- **DATA EXTRACT**:
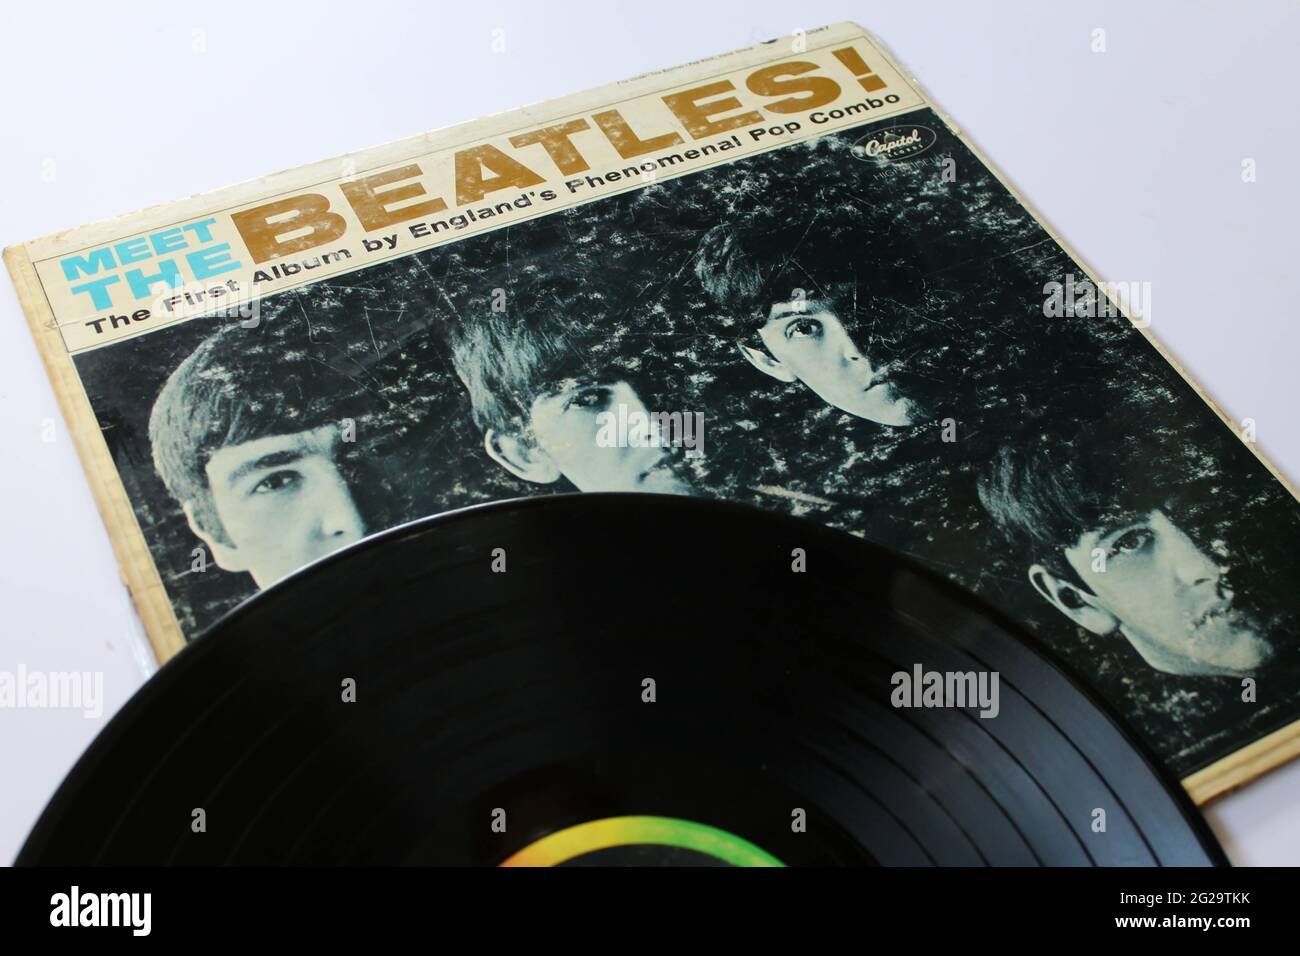 Englische Rockband The Beatles Musikalbum auf Vinyl-LP. Mit dem Titel Meet the Beatles! Dies ist das erste amerikanische Album. Albumcover Stockfoto
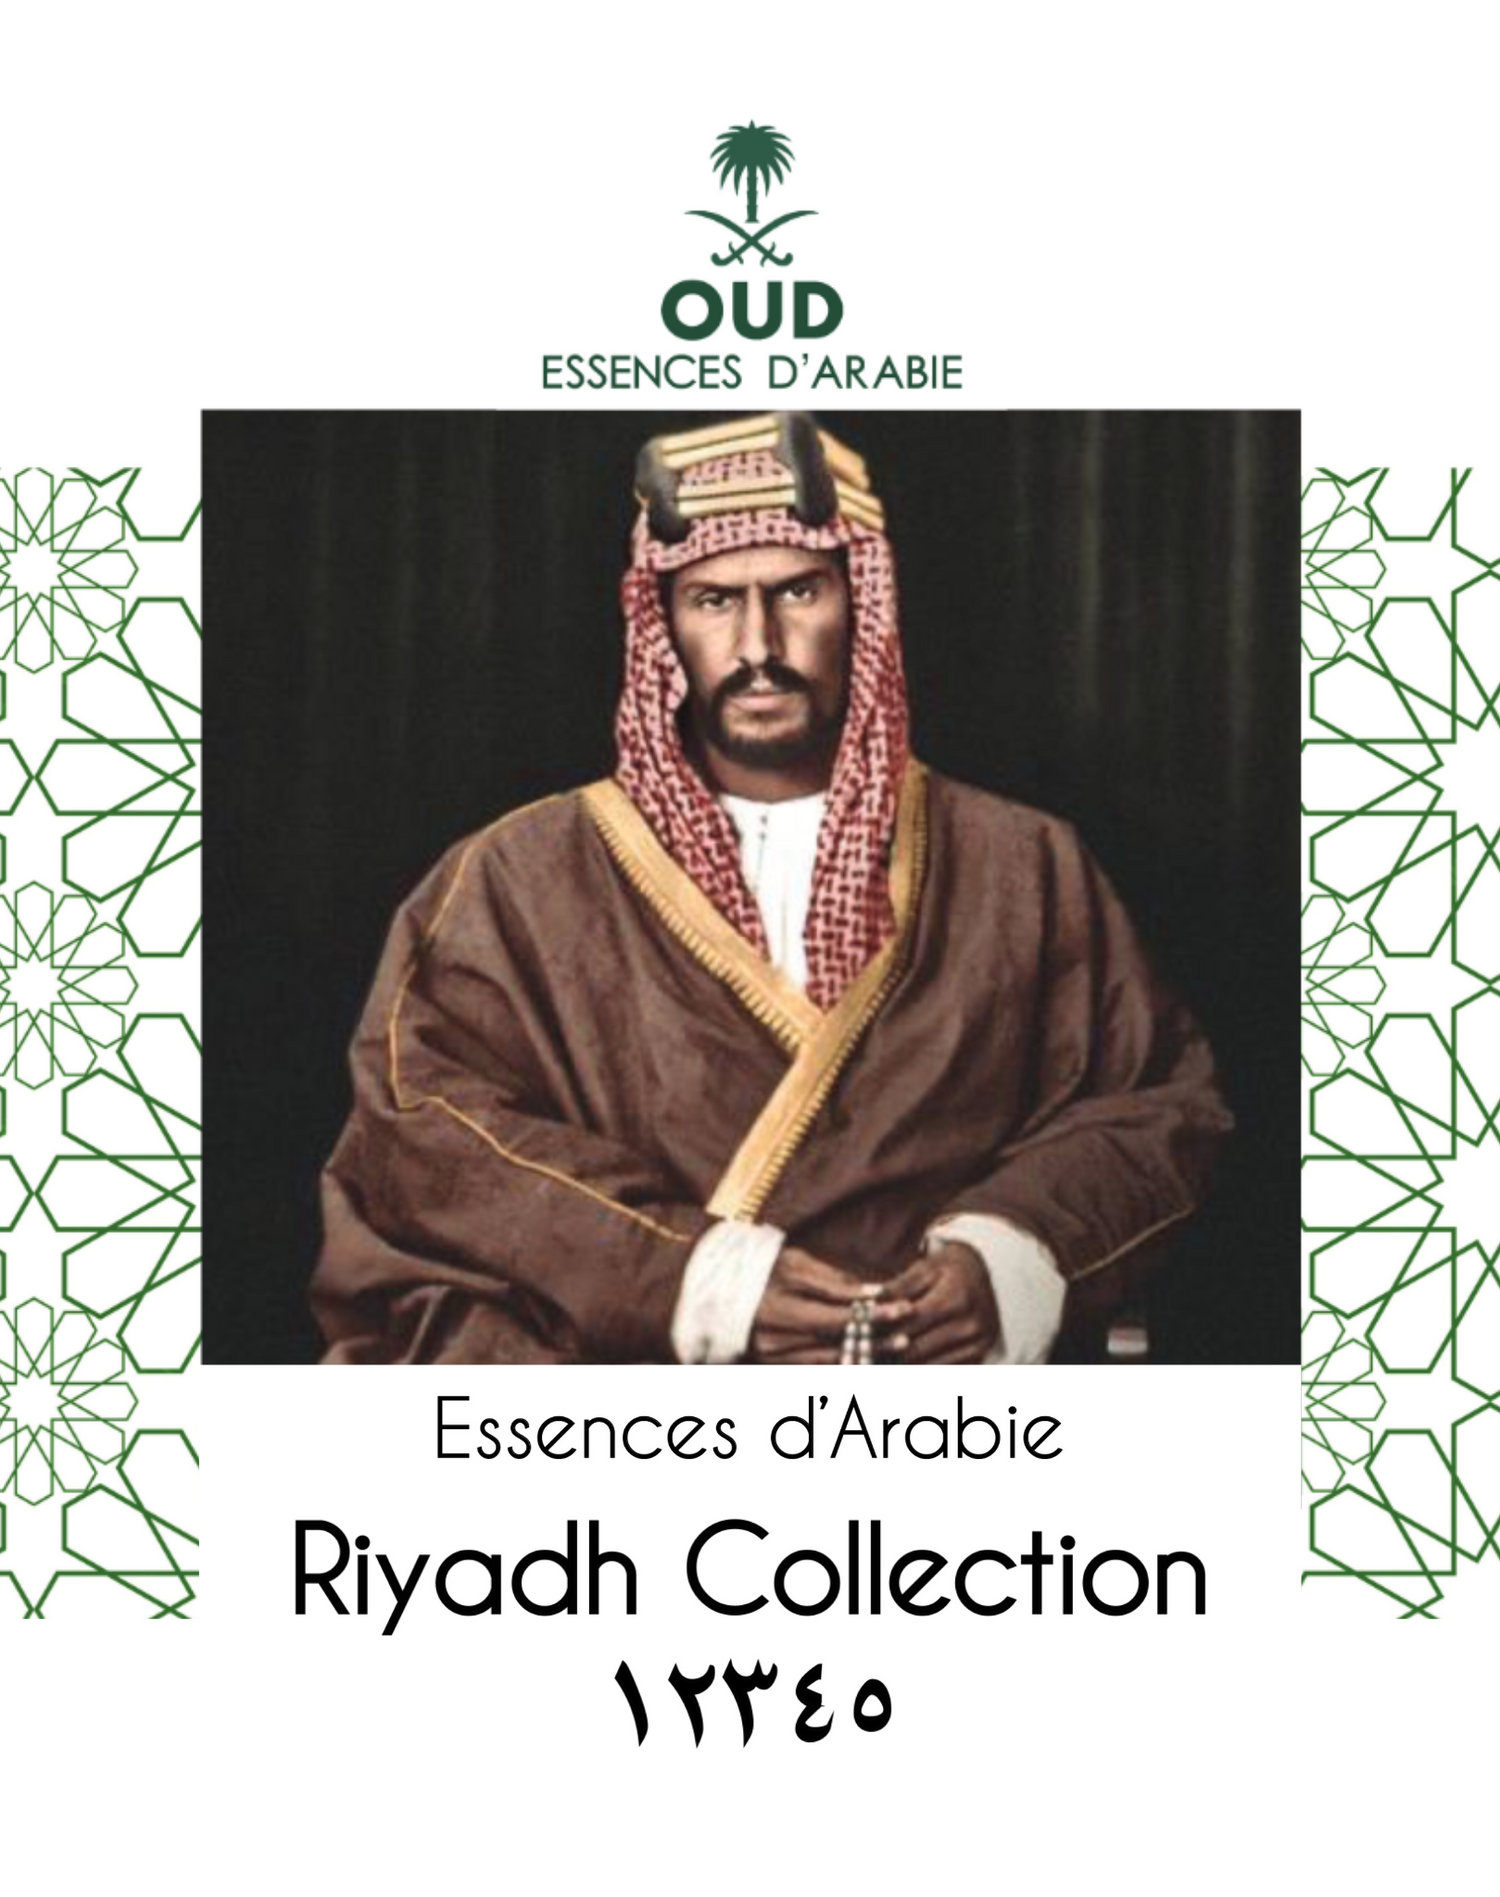 Riyadh Collection 12345 - KSA
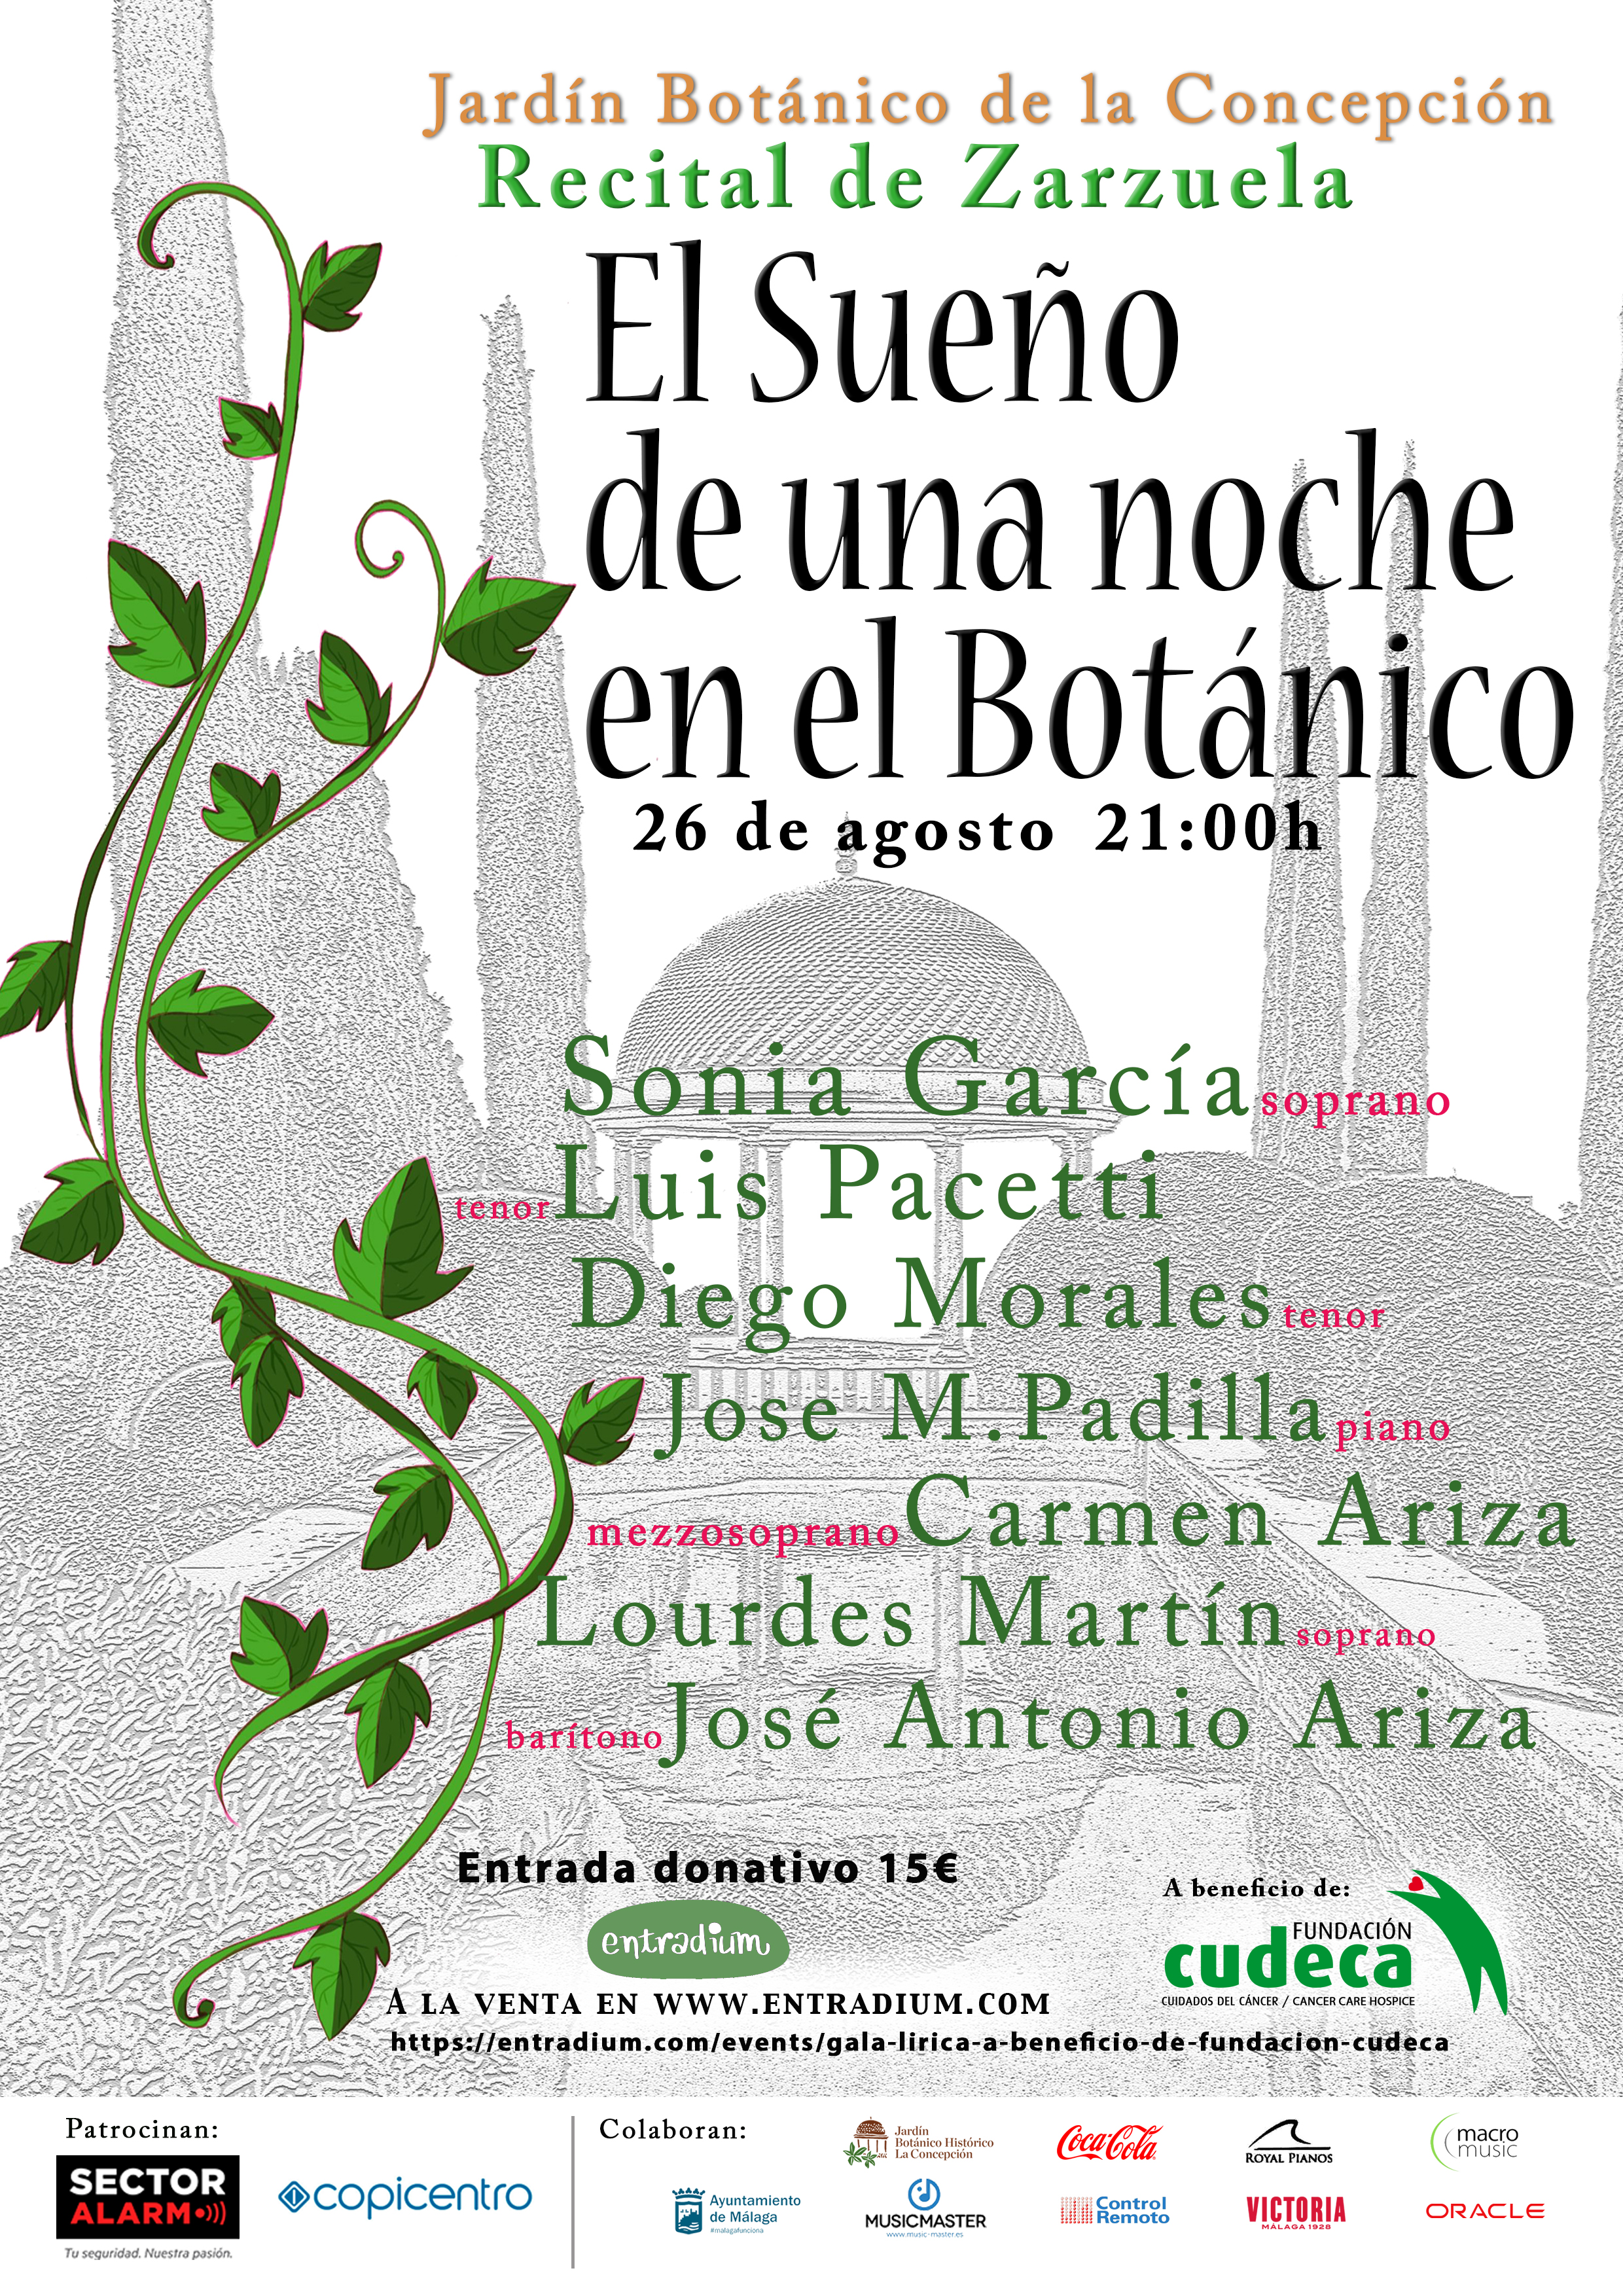 «El sueño de una noche en el Botánico» a beneficio de CUDECA

- **EXERCISE GOAL**:
With the pictures omitted, print each line of the data above precisely as given.

- **RESULT OF THE TASK**:
 Englische Rockband The Beatles Musikalbum auf Vinyl-LP. Mit dem Titel Meet the Beatles! Dies ist das erste amerikanische Album. Albumcover Stockfoto
 Riyadh Collection 12345 - KSA
 «El sueño de una noche en el Botánico» a beneficio de CUDECA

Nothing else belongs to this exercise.